# Mark Bittman's Rice Krispies Or Corn Flake Oven-baked 'fried' Chicken



## Raine (Sep 21, 2005)

*MARK BITTMAN'S RICE KRISPIES OR CORN FLAKE OVEN-BAKED 'FRIED' CHICKEN* 

_Ingredients:_ 

4 garlic cloves, peeled and minced
1 small onion, peeled and sliced
1 teaspoon dried oregano
1 tablespoon ground cumin
1/4 cup fresh orange juice
1/4 cup fresh lime juice (or use all orange juice)
1 chicken, cut into serving pieces, or use 8 to 10 leg pieces (drumsticks and thighs), trimmed of excess fat
4 tablespoons melted unsalted butter
2 cups Rice Krispies, lightly crushed, or corn flakes crumbs 

_Directions:_ 

In a large bowl, combine garlic, onion, oregano, cumin and juices. Add chicken and toss; let sit while you heat oven, or marinate it, refrigerated, for up to a day. 

Heat oven to 425 degrees. Spread half the butter on a 9 by 12 baking dish. Put Rice Krispies or corn flakes on a plate and roll chicken in them, patting to help crumbs adhere. Carefully transfer to baking dish. 

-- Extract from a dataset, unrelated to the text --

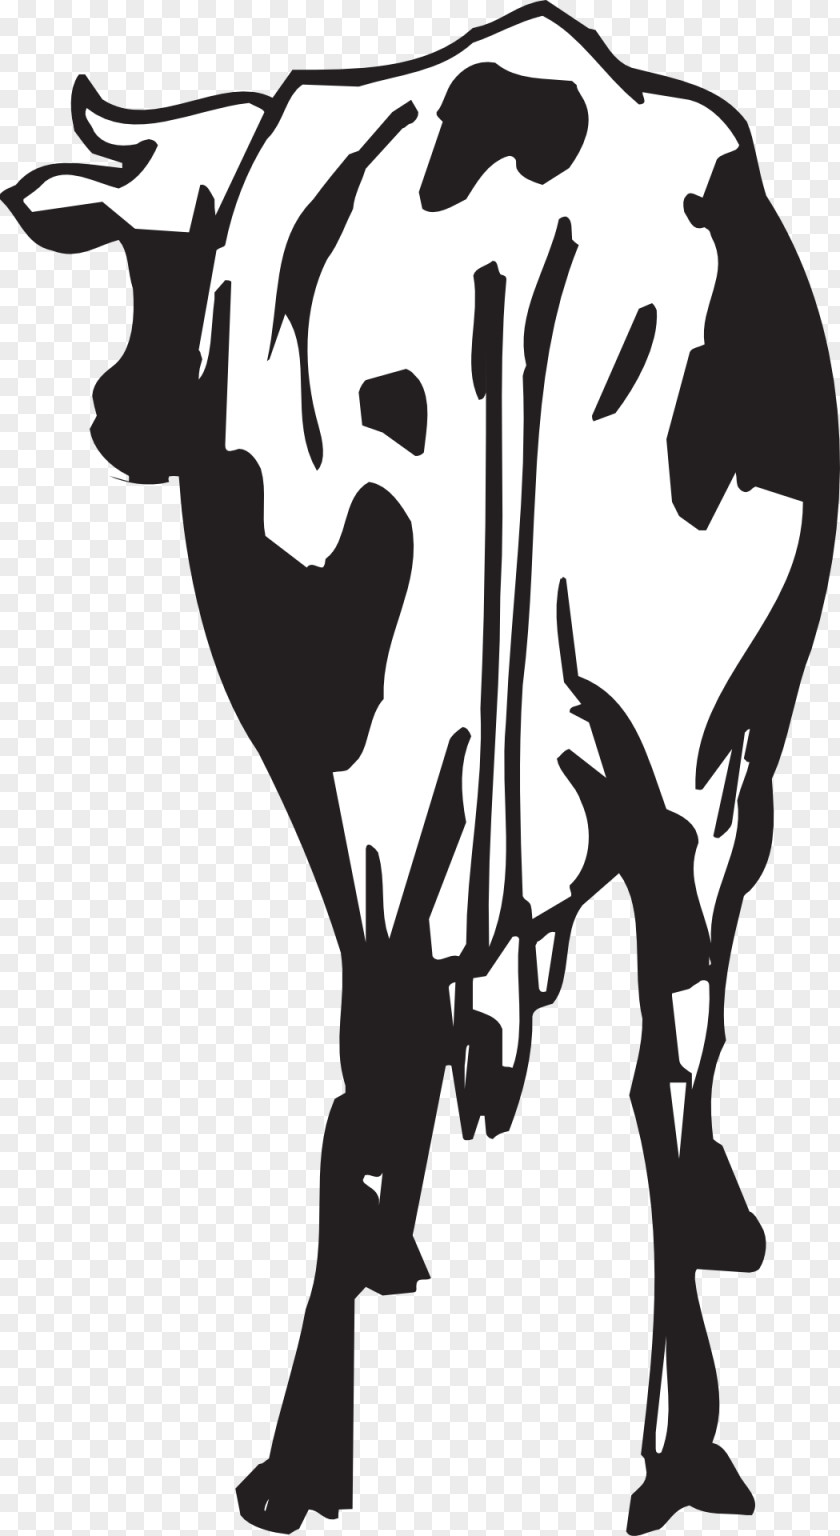 Milk Dairy Cattle Dressed In Wires Clip Art PNG

Drizzle chicken with remaining butter and bake, rotating pan so pieces brown evenly, until they are browned and cooked through, 30 to 40 minutes. Serve hot. Serves 4.


----------



## thecactuswill (Sep 14, 2006)

I did this without all the ingredients.  Just rolled plain ol chicken in corn flakes and baked to make fake fried chicken, it works out great.


----------



## cjs (Sep 15, 2006)

I  have a similar cornflake (with parm, whole wheat flour, paprika, s&p) that I 'oven fry' also.  good stuff.


----------